Running large queries once, then re-using the output as input for other SQL statements...?

Hi,

I’m still very new to Grafana. This is my second question in as many weeks.

I use SQL Server as my primary data source.

I’m creating a dashboard with many visualizations, and I’m finding a lot of the visualizations are re-using the same SQL query or two (or three), and then I apply further tweaks via Transform operations.

Maybe I’m doing this wrong, but what I’ve found works okay for me is to define visualizations (tables) in a row that I keep collapsed; call them “QueryA”, “QueryB”, “QueryC”, etc. Each one of those could, in theory, be relatively expensive to perform, so I don’t want to re-invoke them all the time. In other rows, I define visualizations that use Dashboard as their Data source (not SQL), and specify, for example, QueryB as its data source. Then I apply transformations to tweak the output of the SQL table returned and turn it into, say, a Stat panel or a piechart. Another visualization might be defined in the same way (referring to QueryB as its data source) and with its own transformation, which is different from the other visualization.

My understanding is that this should be a good way to do this, as QueryB is hitting my SQL machine only once, and the same results are re-used for both visualizations (differing mainly in the Transform steps).

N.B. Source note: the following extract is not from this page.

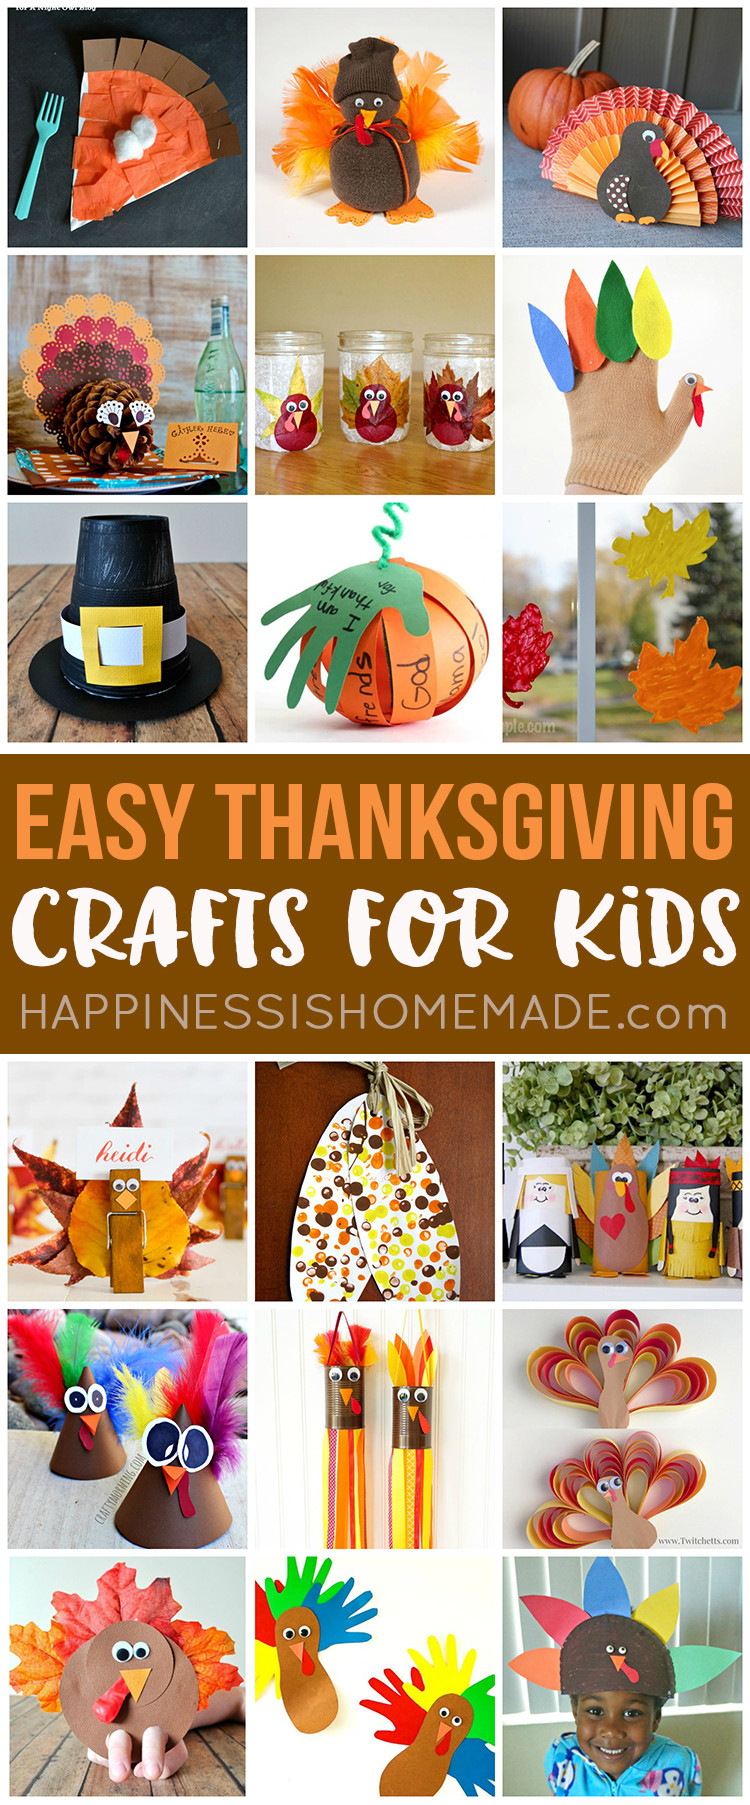 Quick Easy Crafts For Kids
 Easy Thanksgiving Crafts for Kids to Make Happiness is

The problem is that I’m encountering a lot of instances where I just cannot quite get the output I want through transformations. I’m much more familiar with SQL, so what I find myself doing is to repeat QueryB and but tweak the SQL statement “just so”, so I obtain the results I want as a SQL table, and then I can display it straight in a visualization without having to introduce Transform steps. It works, but I can’t help but think this is inefficient as it needs to hit my server with very similar (but not identical) queries.

What I’m hoping for is a way to define my large and complex query (“QueryB”) only once (shared by the visualizations that need it), and then, for any visualization that needs it, apply a separate SQL query against the output of QueryB, rather than fussing about with Transform operations.

I suppose I could even have my expensive queries (QueryA, QueryB, QueryC) each write their output to a SQL temp table (#tempA, #tempB, #tempC) and then have my visualizations use a SQL data source querying those already-populated temp tables and adding the SQL tweaks to produce the final table desired (again avoiding transform steps). But I’m not certain how I could ensure that #tempA, #tempB and #tempC are all created before I get any visualization rendered. Typically I’d want to ensure the queries that create those temp tables are run as soon as a dashboard is loaded, but before any visualization tries to run the SQL queries that will use the temp tables.

Am I making sense? Is there something such as a blog article that someone’s already written that accomplishes something similar to what I’m trying to do, and goes over the steps one at a time?

I’m almost certain this (or something similar) is being done all the time; part of my problem when searching and googling at large might be my lack of familiarity with the terminology used. Is a variable what I’m after? A template? Something else?

1 Like

I think you need “materialized view”. Check doc of your SQL server if it is supported and how it can be used.

Caching (on the datasource level) on the Grafana side may also help to improve performance (it depends how your queries look like):

can you share your queries?

also remember each panel has it’s own datasource and each panel will hit the sql server.

in most cases, most issues with performance posted in this forum end up being issues on the query itself, the design of tables, lack of indices especially on columns used to filter things, use of raw sql instead of persisted views (as @jangaraj rightly pointed out) or stored procedures, querying from grafana against oltp backends (heavy usage by other apps in the ecosystem) etc.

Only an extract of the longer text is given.